# Rescue Works!



## puffswami (Aug 26, 2010)

I don't mean to post these pics to make people sad, rather to make people see the potential in some of these dogs. I will always try to keep at least one rescue no matter how much I love the purebreds. This dog was rescued and nursed back to health. It was not photoshopped.

So keep it up! If you think a rescue may be on its last legs, that may not be the case!

*BEFORE:*










*AFTER:*


----------



## Zeeva (Aug 10, 2010)

OMG I don't know whether to be sad or happy...


----------



## AngelaA6 (Jan 20, 2013)

Im happy it got a second chance but sad that it needed one in the first place. 

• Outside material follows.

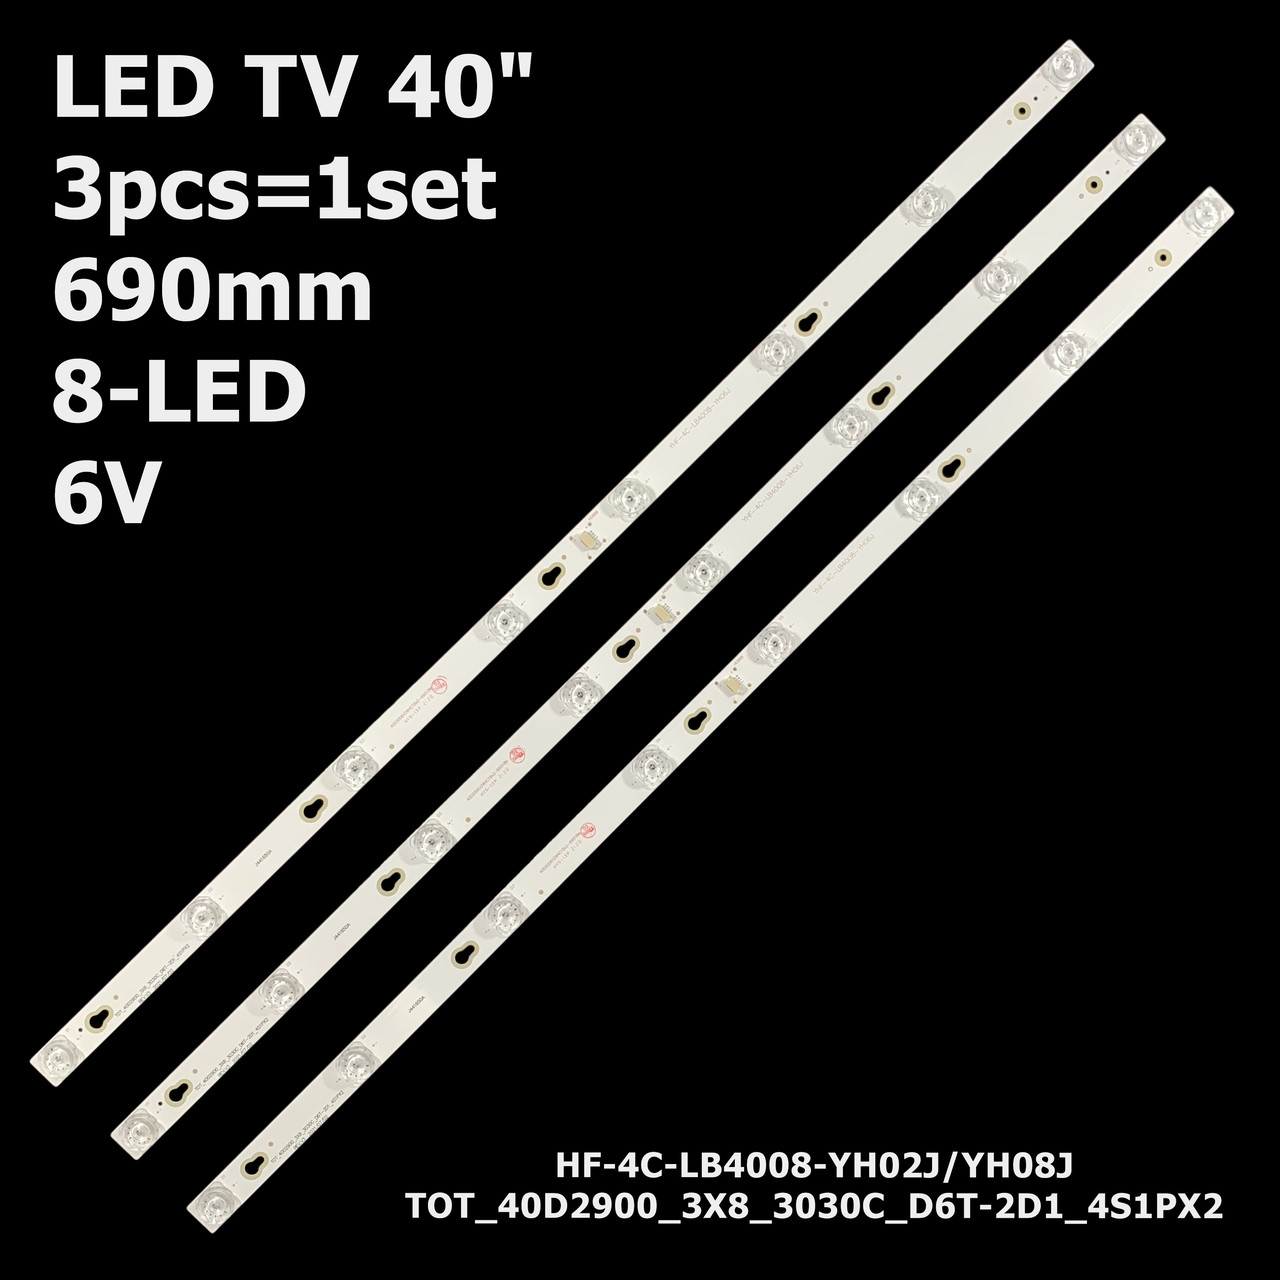 LED підсвітка TV 40" 690mm YHF-4C-LB4008-YH02J/YH08J/HR2/HR3/YH02 40HR330M08A2 TOT-40D2900-3X8-3030C 3шт.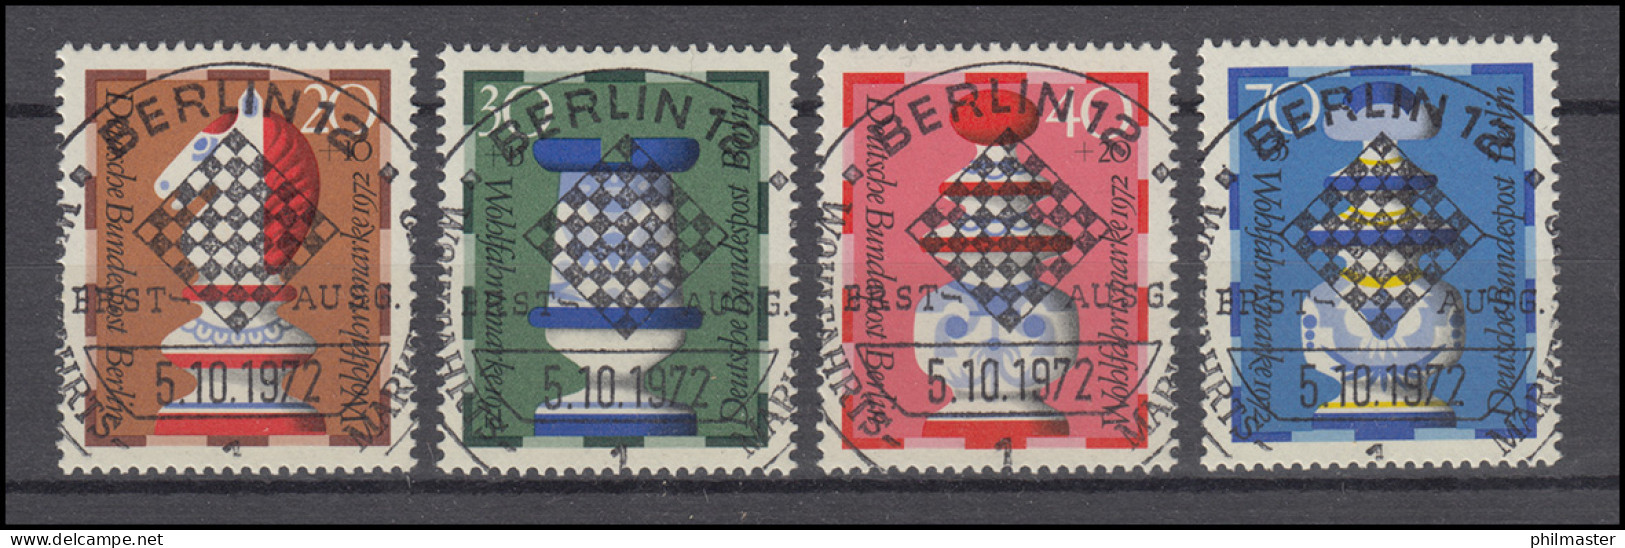 435-438 Wofa Schachfiguren 1972 - Satz Mit Vollstempel ESSt BERLIN 5.10.72 - Used Stamps

Sent from Petguide.com Free App


----------



## Valerae (Jun 13, 2011)

Rescue is SO important! My GSD rescue was skin and bones when I adopted her - 59 pounds! You could see her ribs. She had a litter of puppies (that also came through our rescue and went to good homes)...I'm not sure if she was in a puppy mill situation or a byb. In any event, I have a wonderful companion and she has a spoiled existence. Rescue is so important...I wish it didn't have to be.


----------



## JackandMattie (Feb 4, 2013)

Thank you for sharing a rescue success story. I have three at my house, and they have all been nothing but reward, reward, reward...for me.

When my senior Miss Mattie Lynn came hobbling out of the temporary kennel the Humane Society had set up for her, all feces-encrusted, tick infested, matted and dreadlocked fur (one leg literally matted to her body so that she could barely walk), I took one look at her, kneeled down with open arms, and said "That's okay, we'll Fix It!" She came straight up to me and buried her nose in my chest, and that's all she wrote.

Fix It, we did, and never looked back.

A great big thank you to all involved in rescue!


----------



## RebelGSD (Mar 20, 2008)

This is awesome, what an amazing transformation! Thank you for saving her!

It is refreshing to read something positive in this section after all the rescue bashing threads.


----------



## readaboutdogs (Jul 8, 2001)

This is amazing! Such a beauty! Glad she is in the right hands now!


----------



## Shade (Feb 20, 2012)

What a transformation!


----------